Like most such reports, this one reads like an undigested press-release. It's full of the usual hair-rasising facts and figures, such as this:

Figures have also suggested that about 10 million people in England are risking their health by drinking more than the recommended maximum amount — which is two to three units a day for women, (about one large glass of wine) and three to four for men (two pints of beer). Studies have suggested that many of those most at risk are middle-class wine drinkers who do not understand how many units they consume.


Coincidentally, the subject of alcohol units cropped up on Saturday's QI. It's not a programme with a reputation of being a haven of libertarian dissent - we have Top Gear for that - so I was amazed to hear the following discussion:

Stephen Fry: This recommended daily allowance business is very interesting. In Britain it's 21 units, whatever that means, a week... in Poland it's 12 and a half units, a tiny amount, but in Canada it's 23 3/4, in America 24 1/2, in South Africa and Denmark 31.5 and guess where it's 35, Barry.

Barry Humphries: Orstrahlia

Fry: Orstrahlia Fair.... But, our limit is 21. There was a study which found that if you drunk between 21 and 30 you would belong to a group which had the lowest mortality rate in Britain. So in other words we're being recommended to drink too little alcohol for our health. In fact, it has been worked out that you'd have to drink 63 units a week, or a bottle of wine a day, to face the same death risk as a teetotaller.

Bill Bailey: I think you'll find most people are kind of making it up themselves, instinctively

Fry: Well the odd thing is, the guy who actually came up with it has admitted they made the number up. He said, well we had to say something so we said that.

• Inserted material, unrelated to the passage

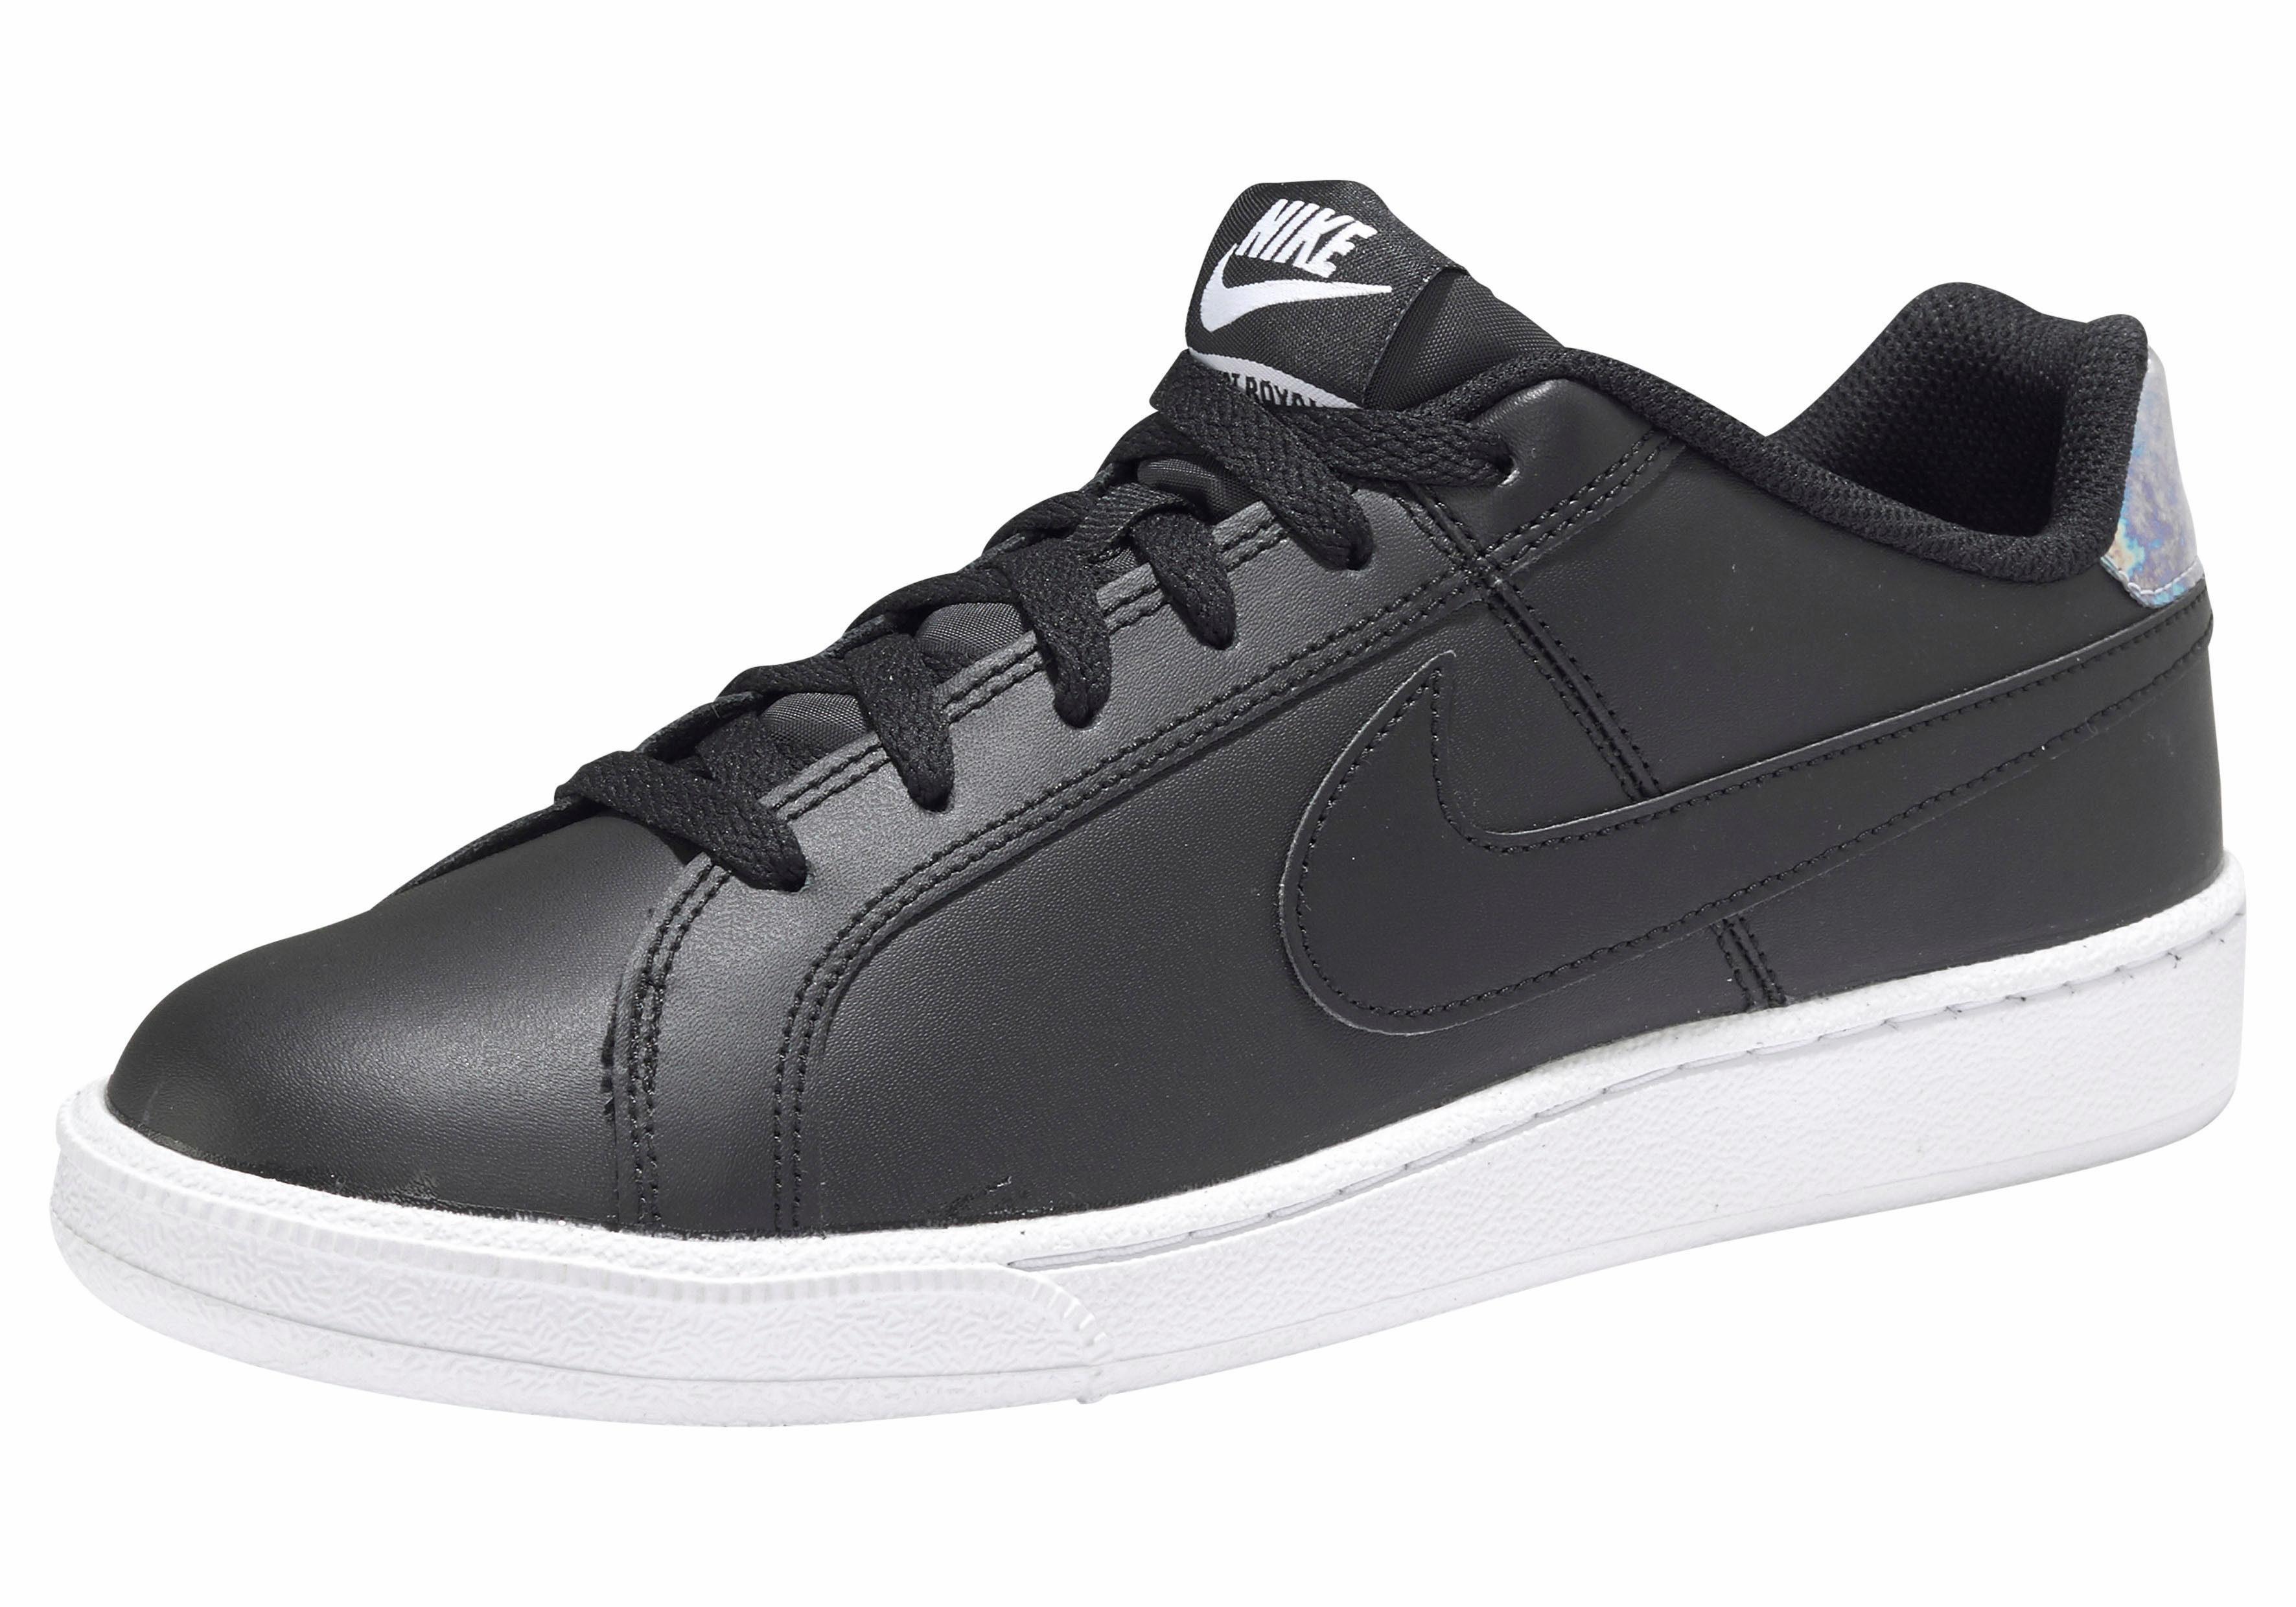 Nike Sportswear Wmns Court Royale metallic Sneaker online kaufen  schwarz-silberfarben

Alan Davies: Is the assumption not that there are other lifestyle factors associated with the sort of person that likes a bit of wine?

Fry: Having an accident is the main problem, obviously. But none the less, just statistically and actuarially you are likely to live longer if you drink between 21 and 30 units.

Davies: If you're a social animal you're less stressed...

Fry: It may well be that the physical affect on the body is actually beneficial in moderate amounts.

(The researchers seem to have been looking at this report in The Times from October 2007.)

It would be nice to find this sort of rigorous analysis on the Today programme, or TV news bulletins.